Андрей замялся, не зная, как объяснить.
– Это как раз о том, чтобы не воевать, – сказал он. – Понимаешь, мы смотрим на икону и видим тот мир, в котором люди уже не мучают друг друга. И он светлый. Ты еще не забыл, что те, древние, иконы на самом деле очень светлые?
Сергей кивнул.
– Они часто почти солнечные, – продолжил Андрей. – Это ведь радость оттого, что другой мир есть, что он возможен и здесь, что к нему надо просто протянуть руку. Как светящийся небесный город, который уже рядом. Где мальчиков не будут посылать умирать и они не будут сходить с ума.
– Странный мы с тобой ведем разговор. Не знаю, насколько ты прав насчет икон. Мне кажется, неправ. В древности с иконами и в бой ходили. Но ведь есть же и здравый смысл. Пока вы будете созерцать ваш счастливый небесный город, придет тот, кто злее и сильнее, убьет твоих детей и Иру, ограбит и сожжет дом, а тебя самого угонит в рабство для более эффективного производства прибавочной стоимости. Я тебе уже сказал; к сожалению, войну я видел.

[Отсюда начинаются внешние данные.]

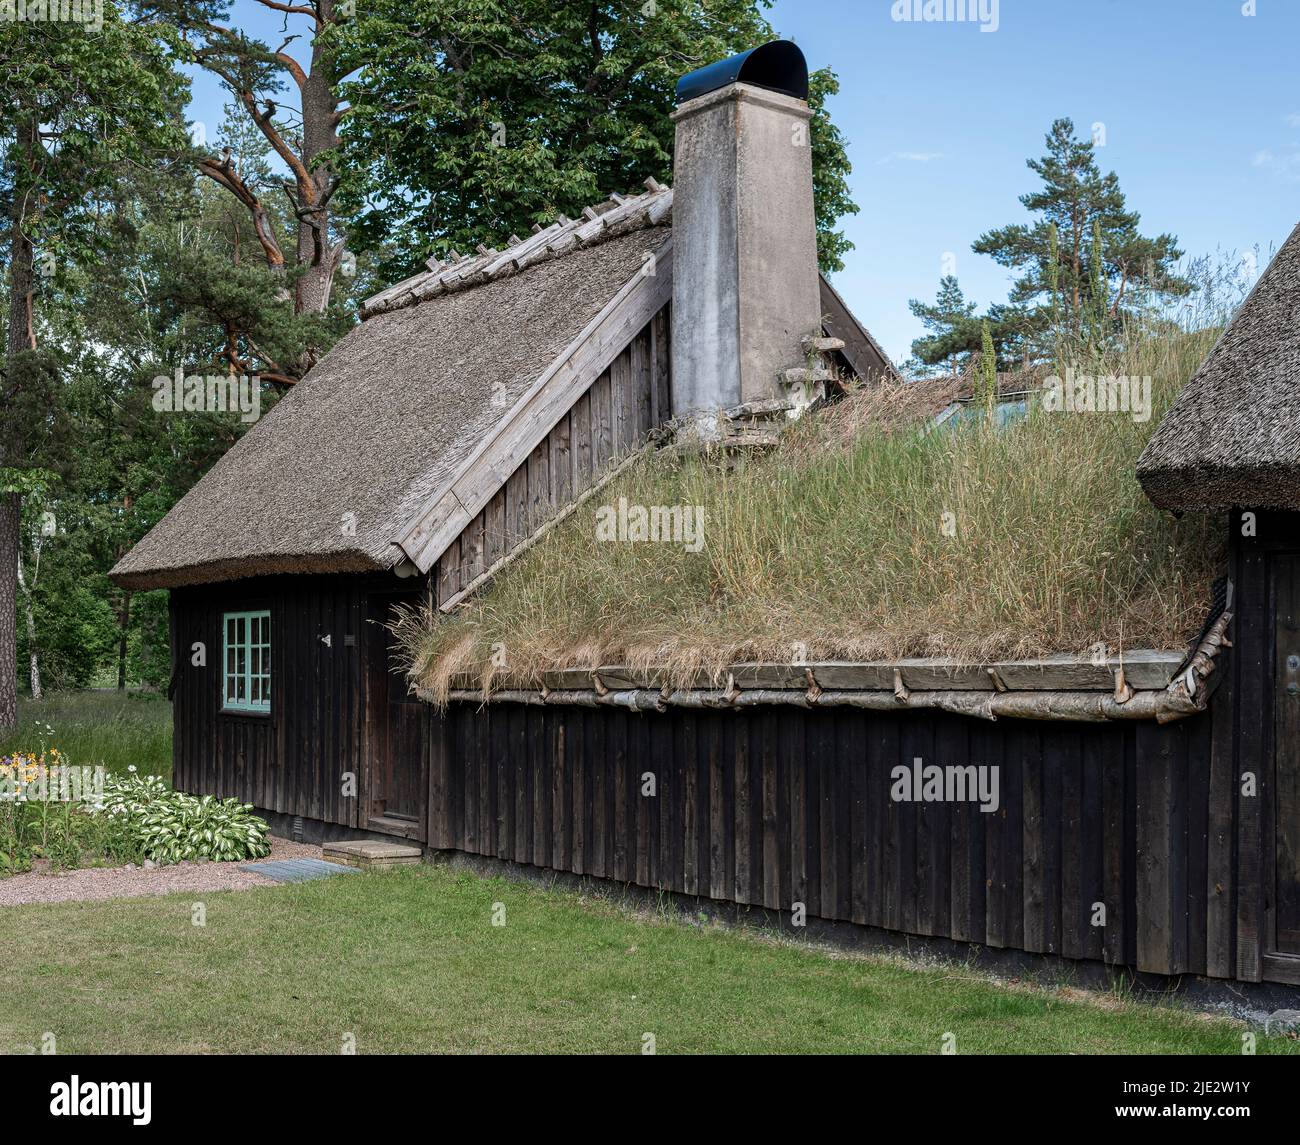 Karlstorpsstugan is an old thatched cottage where the swedish king Charles XII spent one night, Halmstad, Sweden, June 20, 2022 Stock Photo

Разговор двигался по кругу, и Андрей не знал, как его из этого круга вывести. Это было не просто его работой, о которой хотелось рассказать; от Натана Семеновича он знал, что сын Петра Сергеевича вернулся подавленным и злым, и Андрею хотелось помочь ему увидеть мир с другой стороны.
– Ты читал книгу о русской иконе князя Трубецкого? – спросил он.
Сергей покачал головой:
– Я как-то все больше про Тамерлана. В широком смысле.
– Трубецкой писал во время Первой мировой войны. Его очерки об иконе начинаются с того, что в природе чья челюсть больше, а зубы острее, тот другого и съел. И что человечество тоже так может жить, да почти всю свою историю и жило. Тот народ, чье клыки больше, съедал соседей. Во время мировой войны такой взгляд на вещи стал особенно видимым, а словесные украшения исчезли.
– Что же, – заметил Сергей, – звучит, может быть, не очень привлекательно, но разумно. И достоверно.
– Но не для Трубецкого. Для него русская икона как раз и воплощает возможность отрицания этого животного состояния, возможность подняться над всевластием жестокости и животной силы. Собственно, для него это и есть сама возможность быть человеком.
– Допустим, – ответил Сергей. – Но я тебе уже сказал, что я думаю о таких теориях. В качестве национальной идеи они самоубийственны.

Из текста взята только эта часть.